In this work, we report all-silicon, integrated optofluidic microsystems (OFMs) fabricated by electrochemical micromachining (ECM) technology, in which high aspect-ratio (HAR) photonic crystal (PhC) devices (i.e. micromirrors, optical cavities) are integrated by one-etching-step, together with microfluidic reservoirs/channels, for the infiltration of liquids in the PhC air gaps, and with fiber grooves for alignment/positioning of readout optical fibers in front of the PhC, on the same silicon die. This has not previously been reported in the literature, and opens up new ground in, though not limited to, the optofluidics field, due to the low-cost and high-flexibility of the ECM technology that allows optofluidic microsystem fabrication to be performed in any lab.
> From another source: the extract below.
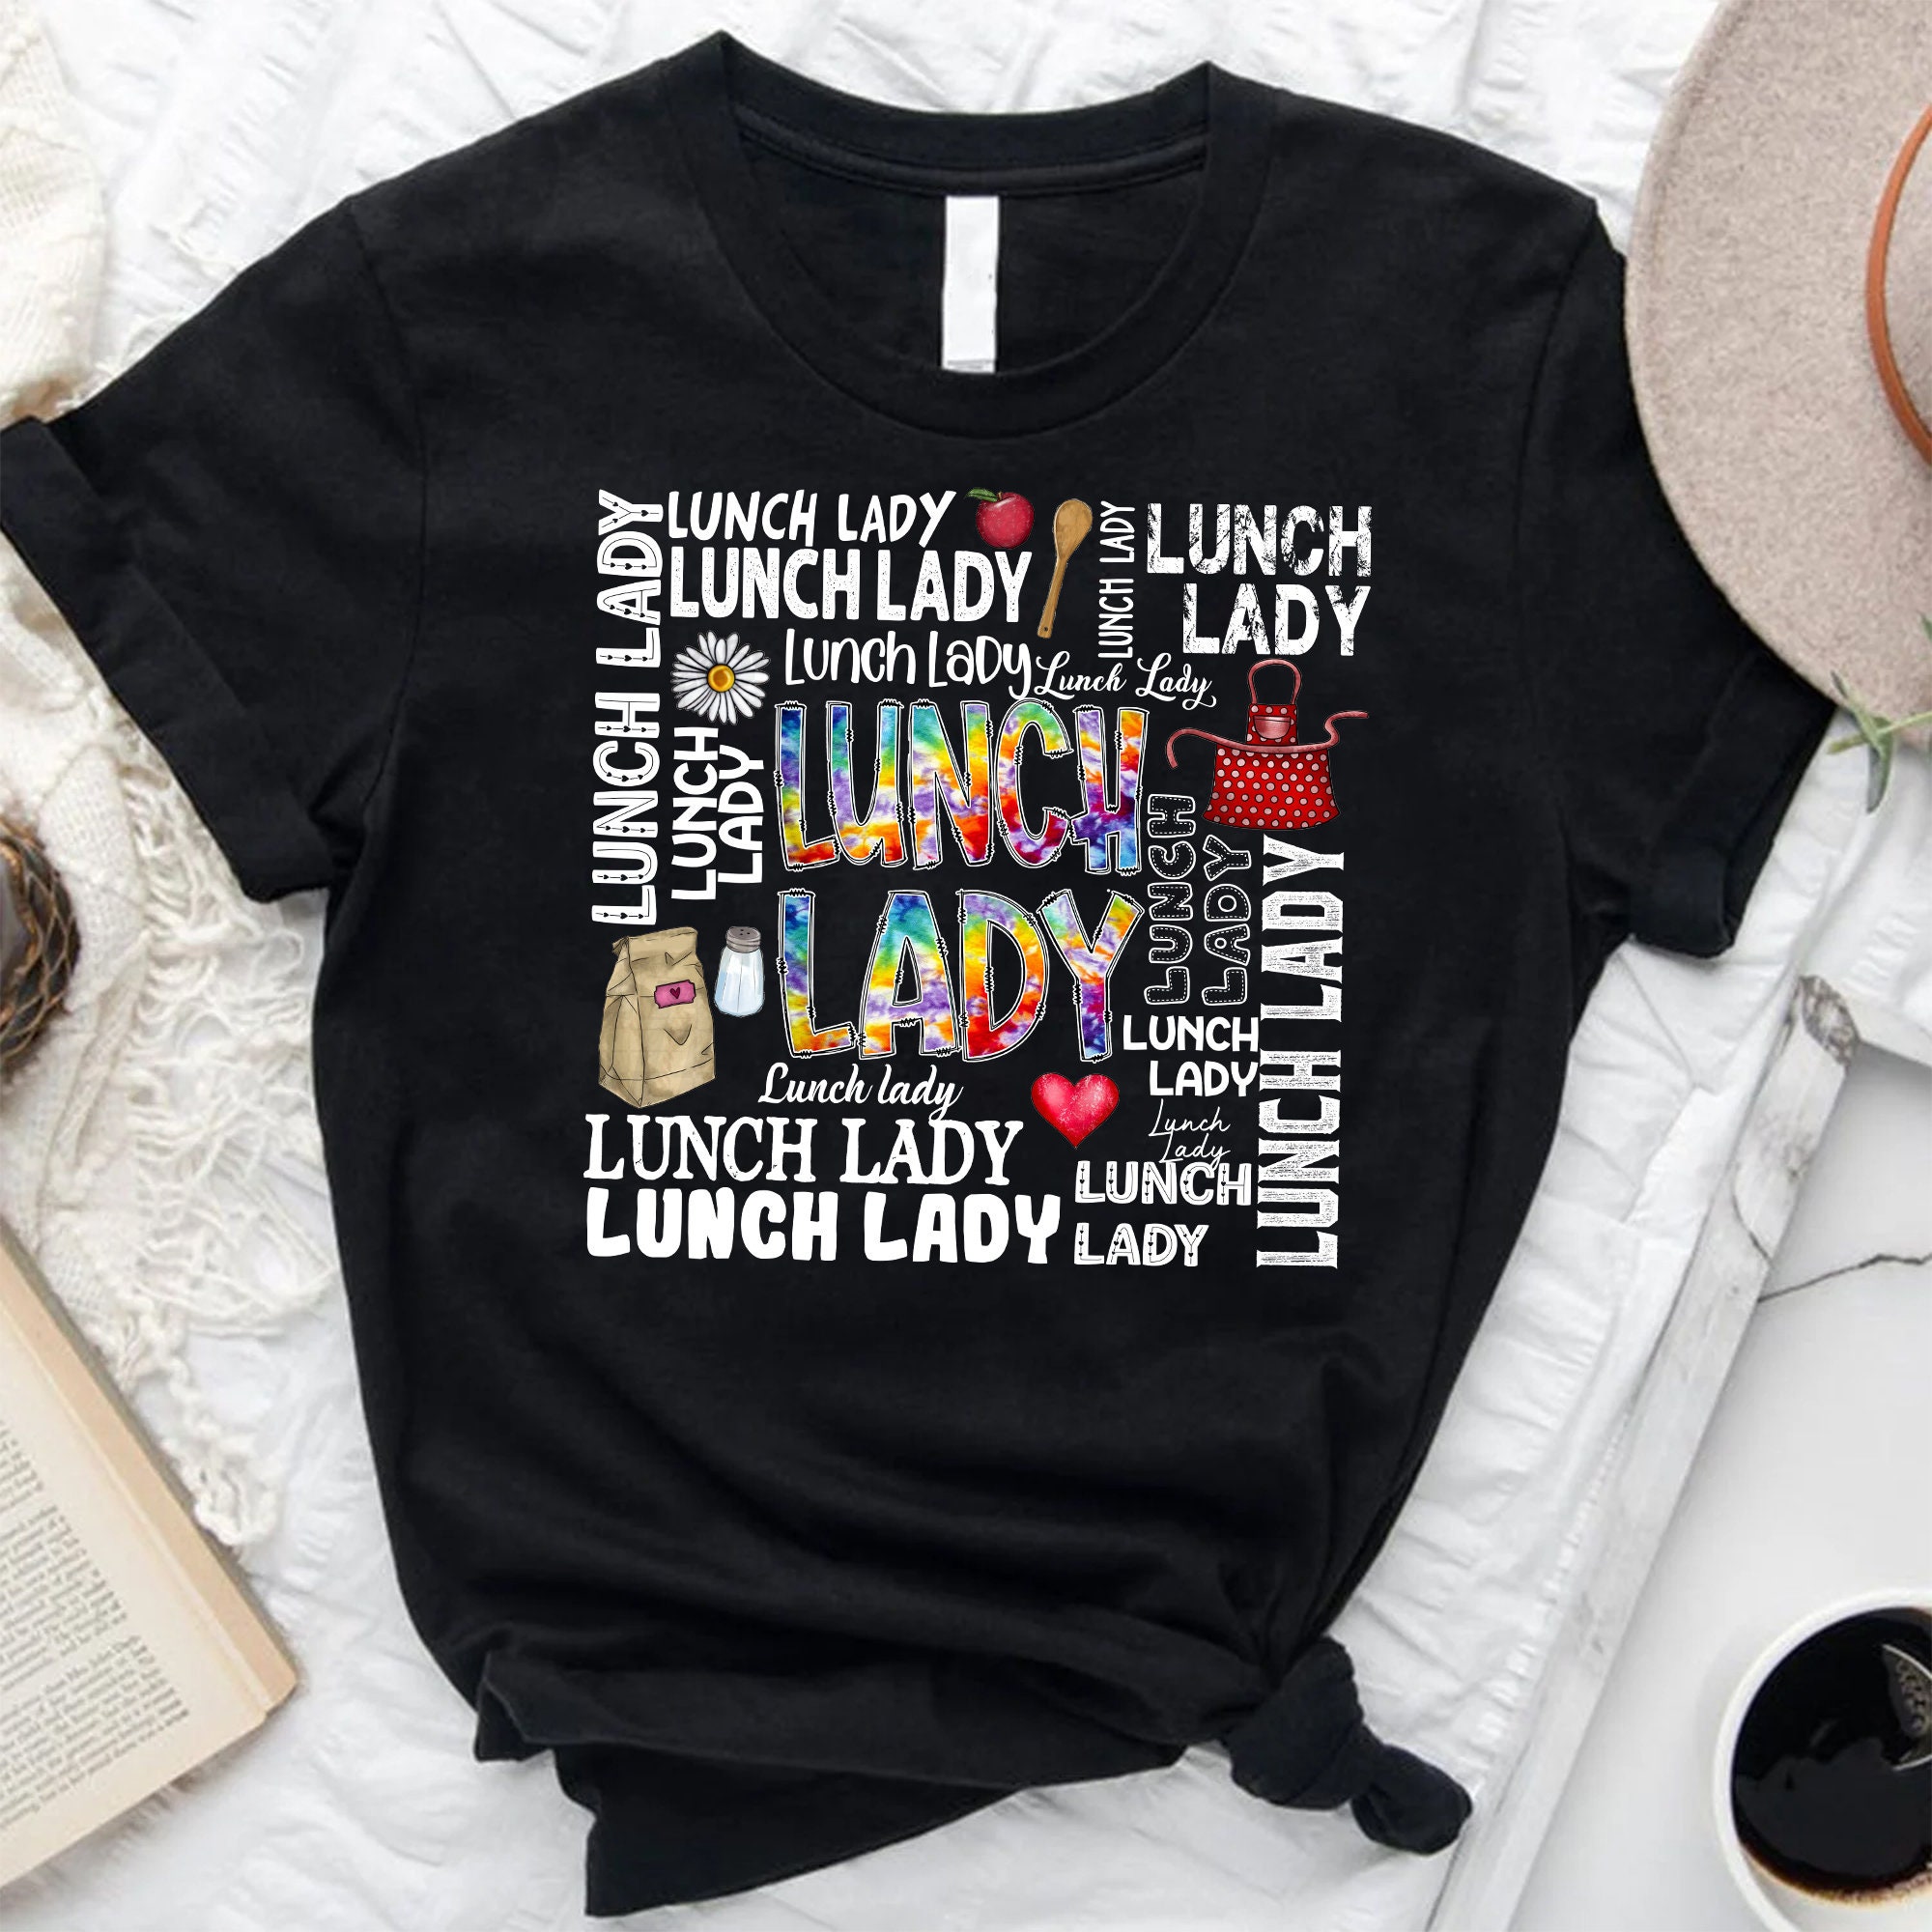 Discover Lunch Lady Shirt, Lunch Lady Gift, Lunch Lady Tee, Cafeteria Worker, School Cafeteria, Lunch Lady Life, Cafeteria Team Shirts

Optofluidic characterization of PhC-OFMs by both capillary-action and pressure-driven operations is carried out through the measurement of the reflectivity spectra of HAR-PhCs upon injection of liquids featuring different refractive index values in the HAR-PhC air gaps, by using readout optical fibers positioned in the on-chip fiber grooves. High sensitivity and good limit of detection of PhC-OFMs are obtained for both capillary-action and pressure-driven operations. A best sensitivity value of 670 nm/RIU and a worst-case limit of detection of the order of 10(-3) RIU are measured, the former being comparable to state-of-the-art integrated refractive index sensors and the latter being limited by constraints of the experimental setup. The proof of concept about the biosensing potential of PhC-OFMs is given by successfully carrying out a sandwich assay based on antigen-antibody interactions for the detection of the C-reactive protein (CRP) at a concentration value of 10 mg L(-1), which represents the boundary level between physiological and pathological conditions.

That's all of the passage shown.